Kitten TTS Extension
Kitten TTS Chrome Extension#
A locally-executed neural text-to-speech system leveraging transformer-based voice synthesis through a Chrome extension interface with FastAPI backend orchestration.
Overview#
This project implements a client-side text-to-speech solution utilizing Kitten TTS—an open-source neural TTS engine—deployed as a local FastAPI microservice. The architecture eliminates API dependencies, cloud latency, and privacy concerns by performing all inference operations on-device.
Architecture#
The system follows a distributed microservices pattern with a local inference server:
┌─────────────────┐ HTTP/WebSocket ┌──────────────────┐
│ Chrome Client │ ←─────────────────────→ │ FastAPI Server │
│ (Extension) │ │ (KittenTTS) │
└─────────────────┘ └──────────────────┘
content.js main.py
popup.js Neural Inference
background.js Voice Synthesis
Components#
Frontend Layer (Chrome Extension)
background.js— Service worker for command routing and lifecycle managementcontent.js— DOM traversal, text extraction, and audio playback orchestrationpopup.{html,css,js}— User interface for voice selection and playback controls
Backend Layer (FastAPI + KittenTTS)
main.py— Async REST API server handling TTS requests- Local neural model inference with 8-voice polyphonic synthesis
- Real-time audio streaming with configurable playback rates (0.5x–2.0x)
Technical Implementation#
Neural Voice Synthesis#
KittenTTS provides expressive neural voices trained on diverse datasets:
| Voice ID | Type | Characteristics |
|---|---|---|
expr-voice-{2-5}-f | Female | Multi-speaker expressive synthesis |
expr-voice-{2-5}-m | Male | Multi-speaker expressive synthesis |
Command Protocol#
| Command | Shortcut | Action |
|---|---|---|
| Read Selection | Ctrl+Shift+K / Cmd+Shift+K | TTS synthesis on highlighted text |
| Read Page | Ctrl+Shift+P / Cmd+Shift+P | Full document content extraction |
| Stop Playback | Ctrl+Shift+S / Cmd+Shift+S | Abort current audio stream |
Local Inference Pipeline#
Text Input → Tokenization → Neural Forward Pass → Audio Buffer → Browser Playback
Key advantages of local deployment:
- Zero API costs and rate limits
- Sub-50ms latency on modern hardware
- Complete data sovereignty (no text leaves your machine)

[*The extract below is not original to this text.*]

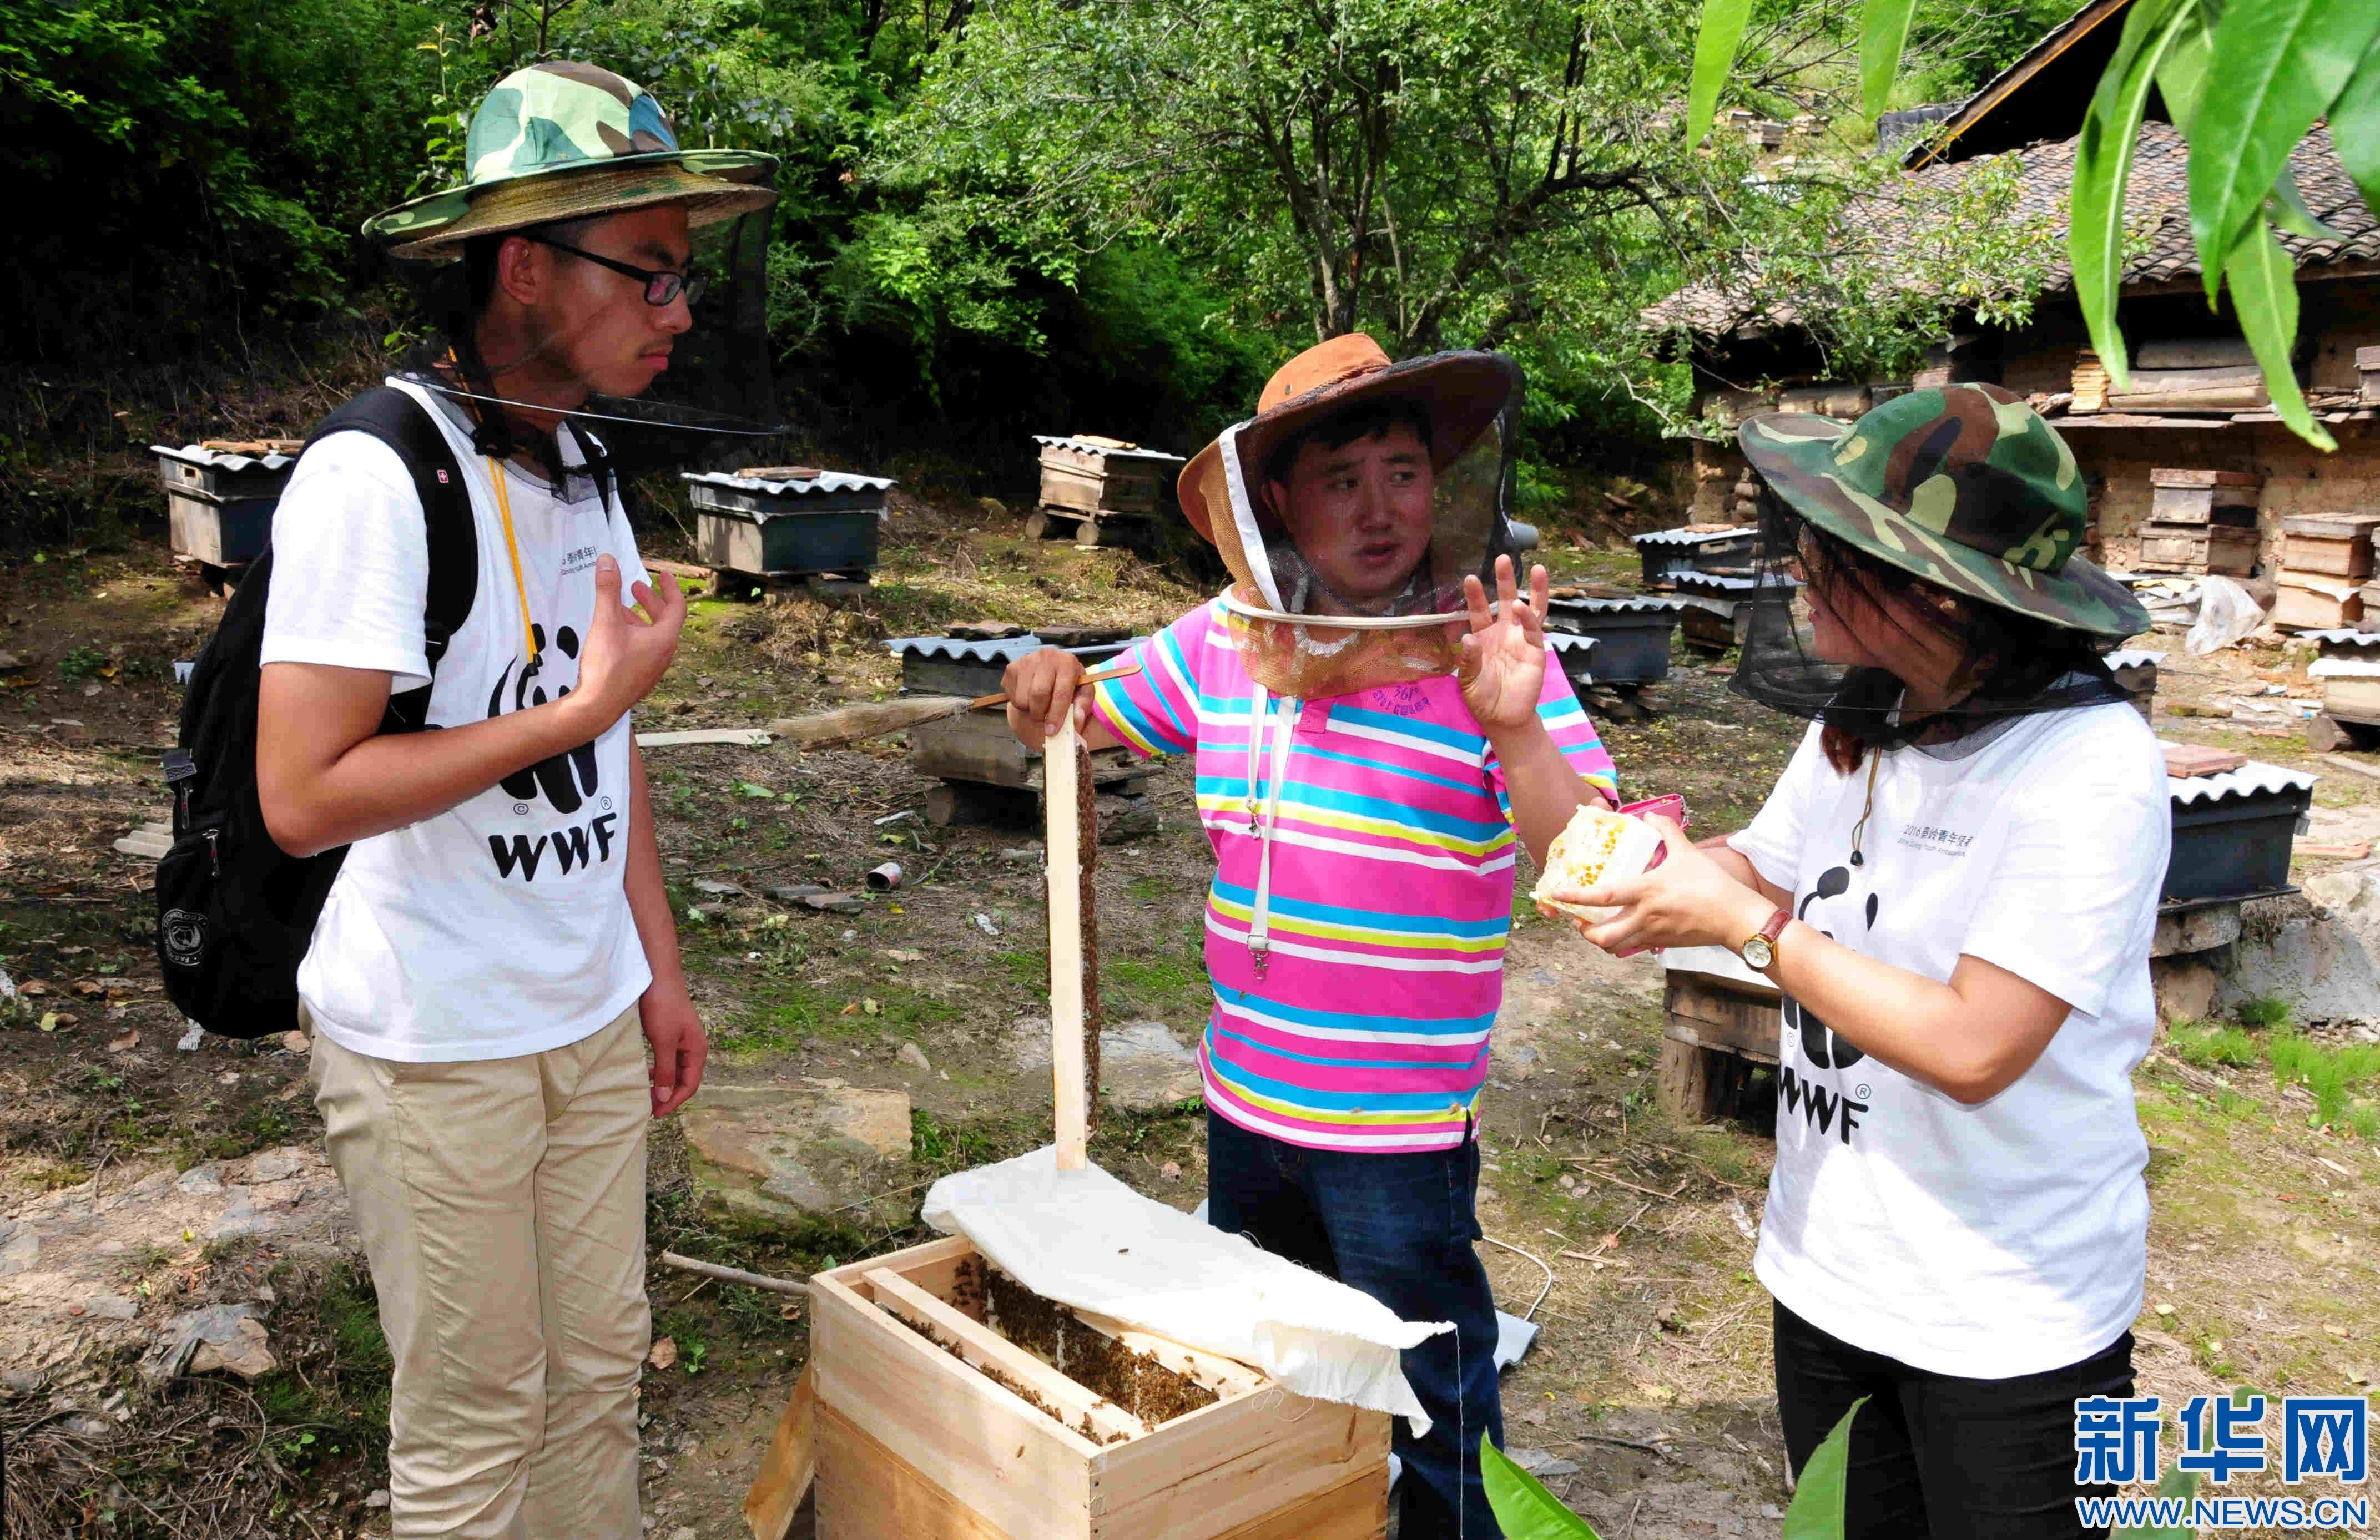 7月21日,西北农林科技大学生物工程学院师生在宁陕县向养蜂大户讲述网络营销方法。 今年暑期,西北农林科技大学暑期三下乡活动遴选350支社会实践服务团队、3900余名师生前往陕西、甘肃、山东等省的20多个地(市),开展科技支农、文化宣传、教育帮扶、环境保护等实践服务。  新华社记者梁爱平摄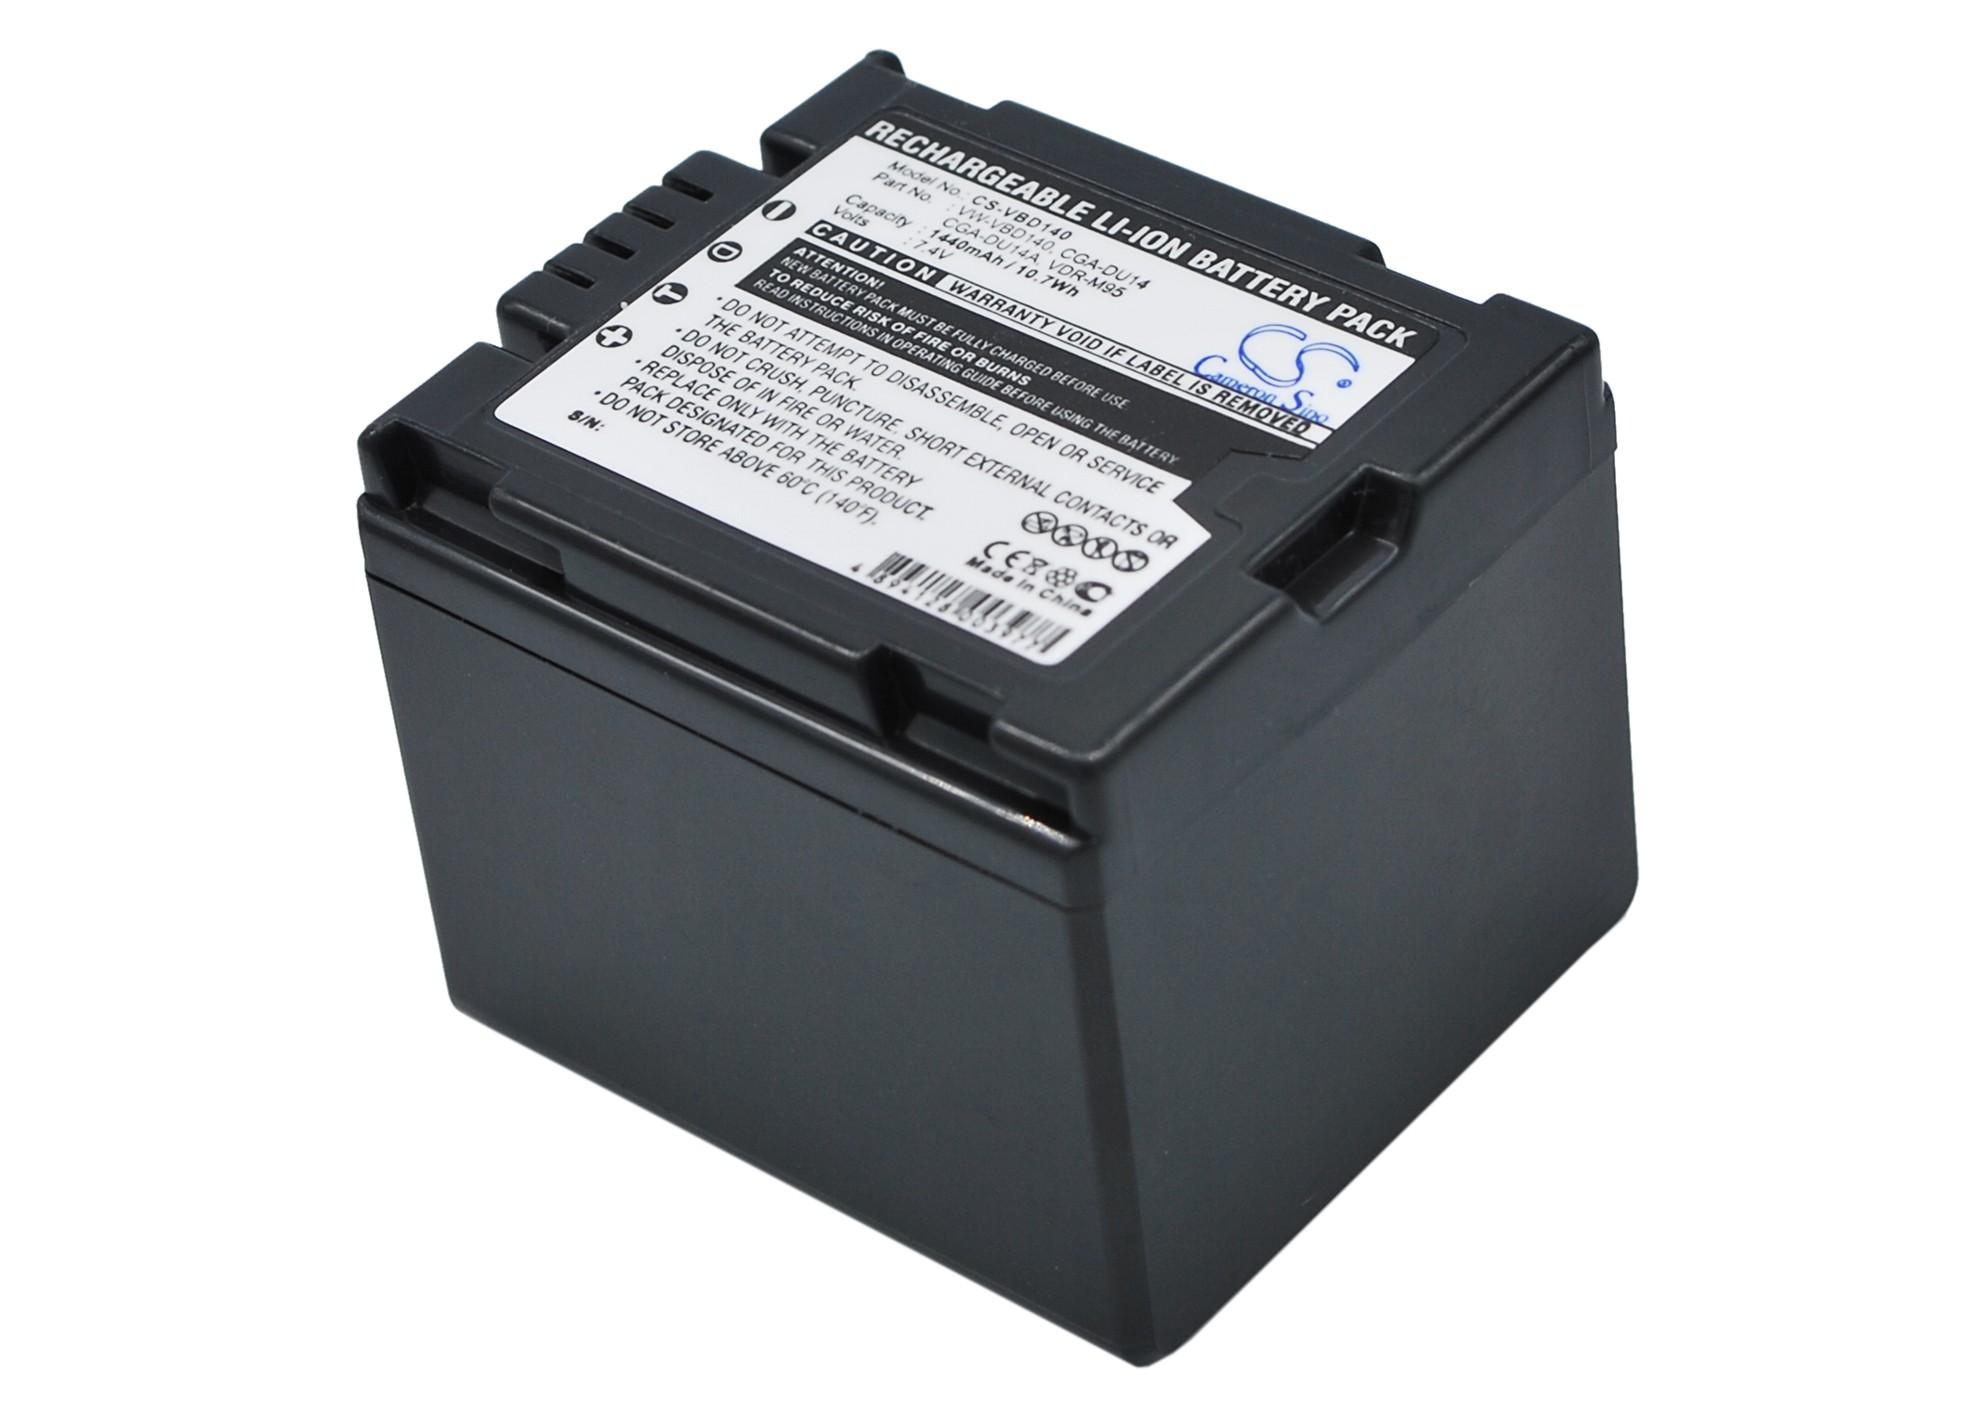 Cameron Sino baterie do kamer a fotoaparátů pro PANASONIC NV-GS500EB-S 7.4V Li-ion 1440mAh tmavě šedá - neoriginální

- Offline operation after initial model download
Setup#
Backend Deployment#
cd backend
bash setup.sh # uv venv + dependency resolution
source .venv/bin/activate
python main.py # Spawns server at http://127.0.0.1:8765
Client Installation#
chrome://extensions/ → Developer Mode → Load Unpacked → chrome-extension/
Prerequisite: Generate icon assets (icon16.png, icon48.png, icon128.png) via ImageMagick or online SVG→PNG converters.
Use Cases#
- Accessibility — Screen reader alternative with neural voice quality
- Content consumption — Listen to articles, documentation, or research papers
- Multitasking — Absorb written content while performing other tasks
- Language learning — Hear proper pronunciation with adjustable playback speed
Technical Constraints#
- Backend server must remain active during extension usage
- Initial model download occurs on first inference request (~hundreds of MB)
- Chrome/Chromium-based browsers required (MV3 service worker architecture)
Leveraging open-source neural TTS for privacy-preserving local synthesis.